Brijlal Gupta, J.
1. This is a plaintiff's appeal arising out of a suit for a declaration that the sum of Rs. 635 held in deposit in the Criminal Court as price of the crop standing in the. plots mentioned at the foot of the plaint in Rabi 1356E belonged to the plaintiffs and they were the owner of the said crop, and also for recovery of the said sum. The defence was a denial of the title of the plaintiffs and the claim to the crop by the defendant. The defendant alleged that he had grown the crop himself and he was entitled to its price. The suit was decreed by the Munsif, but that decree was reversed in appeal by the learned; Judge-Small Cause Court exercising the powers of a Civil Judge, who heard the said appeal. The learned Judge considered only one point in appeal and that was whether the plaintiffs or the defendant were in possession over the plots in suit in Rabi 1356F.
2. It may be stated that there were proceedings, under Section 145, Cr.P.C. in which it was held that the defendant was in possession over the plots in dispute in Rabi 1356F. The learned Judge felt himself bound by the findings of the Criminal Court in Section 145, Cr.P.C. proceedings by reason of a Single Judge decision of the Lahore High Court reported in Sewa Das v. Ram Prakash AIR 1947 Lah 173. The learned Judge quoted extensively from this decision. The principle upon which he relied on the basis of this decision was that once a finding had been recorded regarding possession by a Criminal Court in proceedings under Section 145, Cr.P.C. the' Civil Court in subsequent proceedings was bound by that finding and was precluded from going into the question of possession who there on the evidence led in the Criminal Court or further evidence led in the Civil Court. The learned Judge came to the conclusion that as the finding of the Criminal Court was binding on the Civil Court the plaintiff was not entited and could not be entitled to lead evidence against the finding recorded in the Criminal Court.
3. I have examined the decision of the Lahore High' Court. The decision is not based upon any authority or principle. On the other hand I have discovered that there is a decision of the Privy Council reported in Dinomoni Chowdhrani v. Brojo Mohini ILR 29 Cal 187 (PC), in which it is laid down at page 198 while referring to orders under Section 145, Cr.P.C. as follows:
These police orders are in their Lordships' opinion admissible in evidence on general principles as well as under Section 13 of the Indian Evidence Act to show the fact that such orders were made. This necessarily makes them evidence of the following facts, all of which appear from the orders themselves, viz., who the parties to the dispute were; what the land in dispute was; and who was declared entitled to retain possession. For this purpose and to this extent such orders are admissible in evidence and against every one when the fact of possession at the date of the order has to be ascertained.

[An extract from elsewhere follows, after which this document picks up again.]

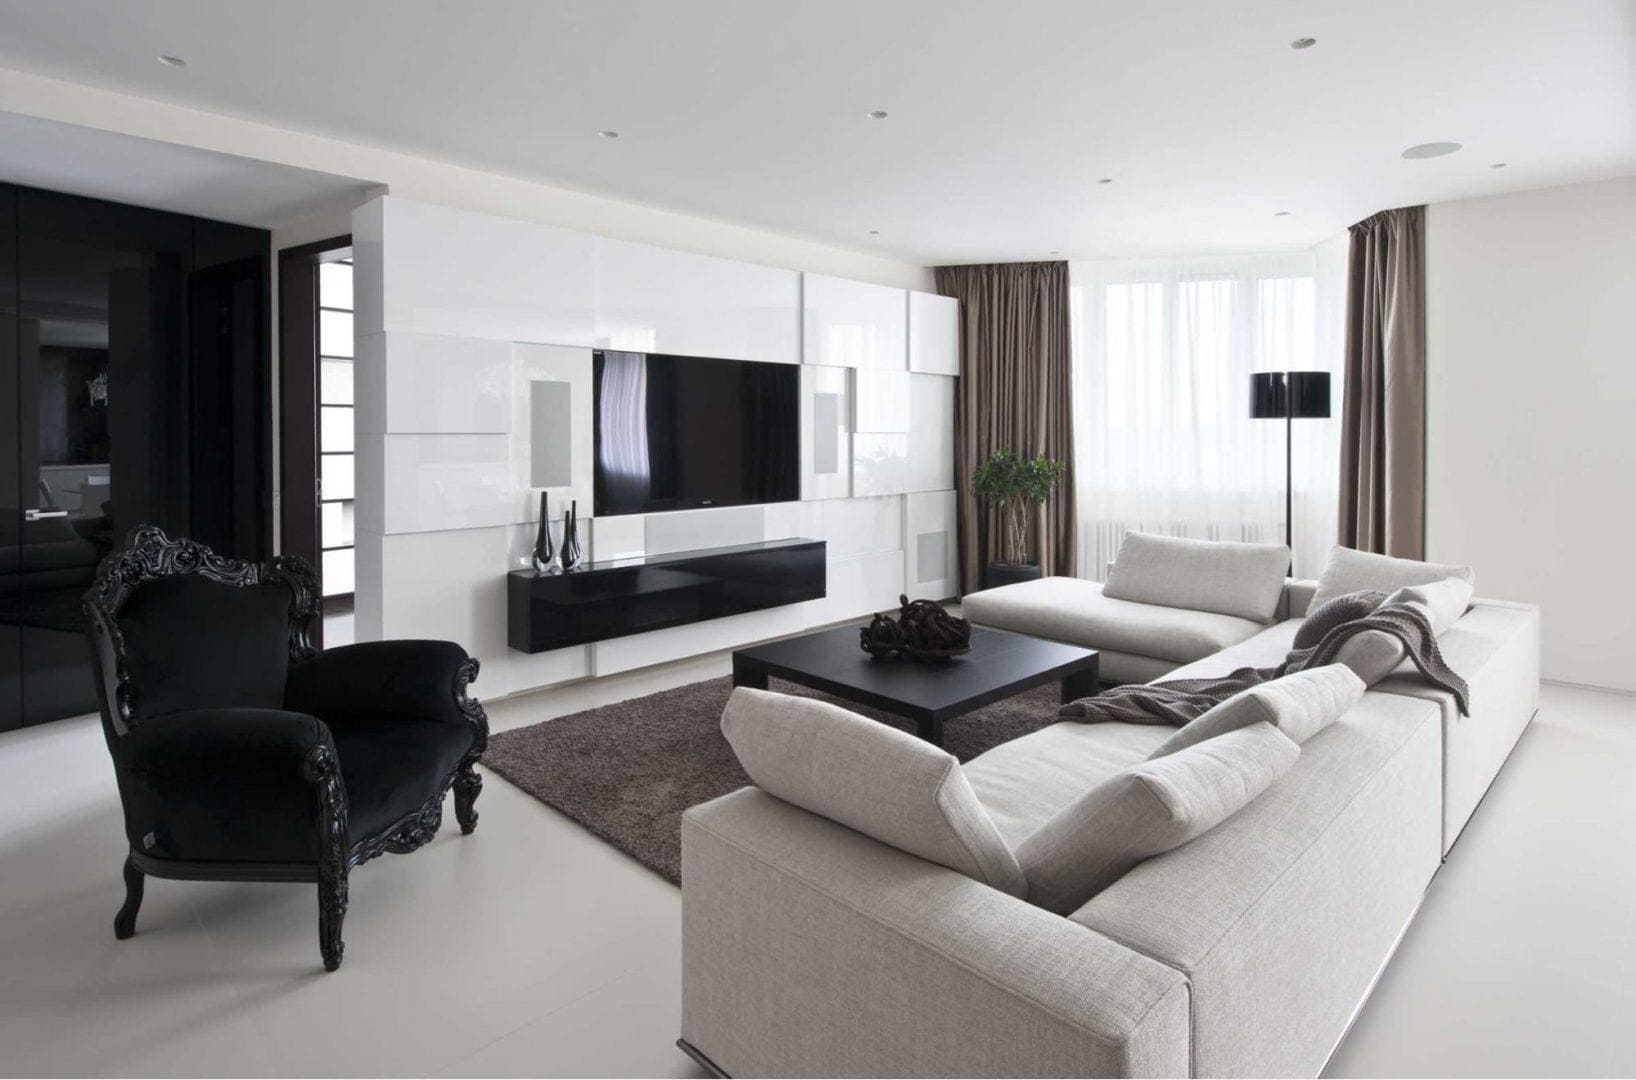 Современный дизайн интерьера квартиры в серых оттенках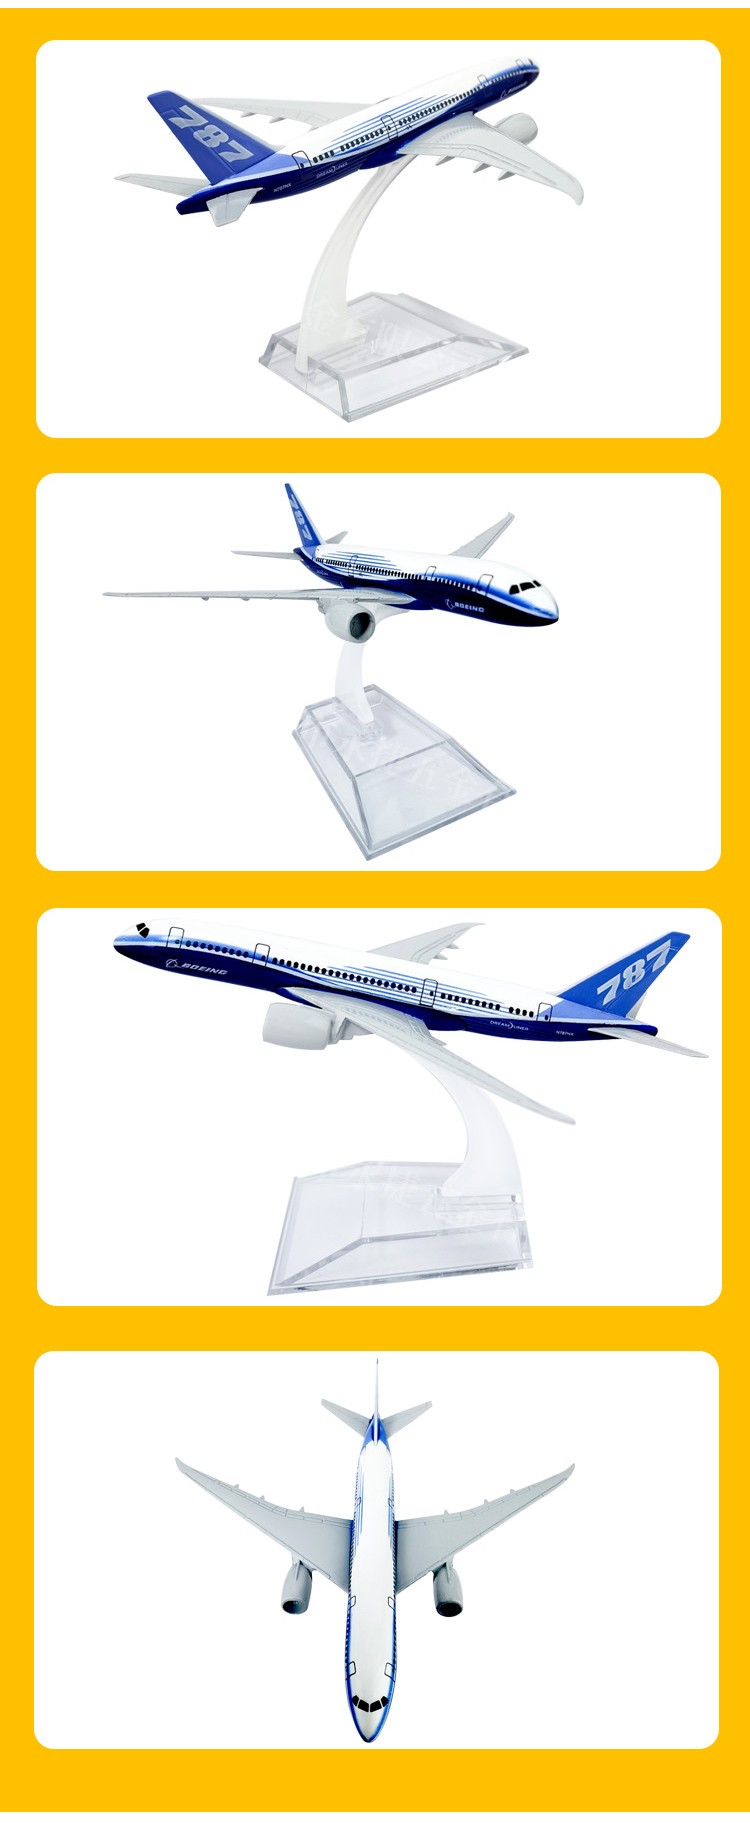 16cm仿真飞机模型摆件儿童玩具橱窗装饰品办公室摆件波音787原机型空客飞机详情图5

From the above quotation from the decision of their lordships of the Privy Council it will be clear that the orders of the Criminal Court are not binding and conclusive with regard to the factum of possession and the party in whose favour the question of possession is decided by the Criminal Court. Upon the entire reading of the case decided by their Urdships I find that their Lordships examined the evidence of possession themselves and recorded their conclusion upon that evidence. They upheld the finding of the High Court on the question of possession and dismissed the appeal. Reference may also usefully be made to a recent decision of this Court reported in Mula v. Babu Ram : AIR1960All573 . In view of this it seems to me that the decision of the lower appellate Court was not correct.
4. In the result the appeal is allowed and the decree of the lower Appellate Court is set aside. The case is sent back to the lower Appellate Court which will decide the appeal afresh in the light of the observations made by me in this judgment. I make no order as to costs.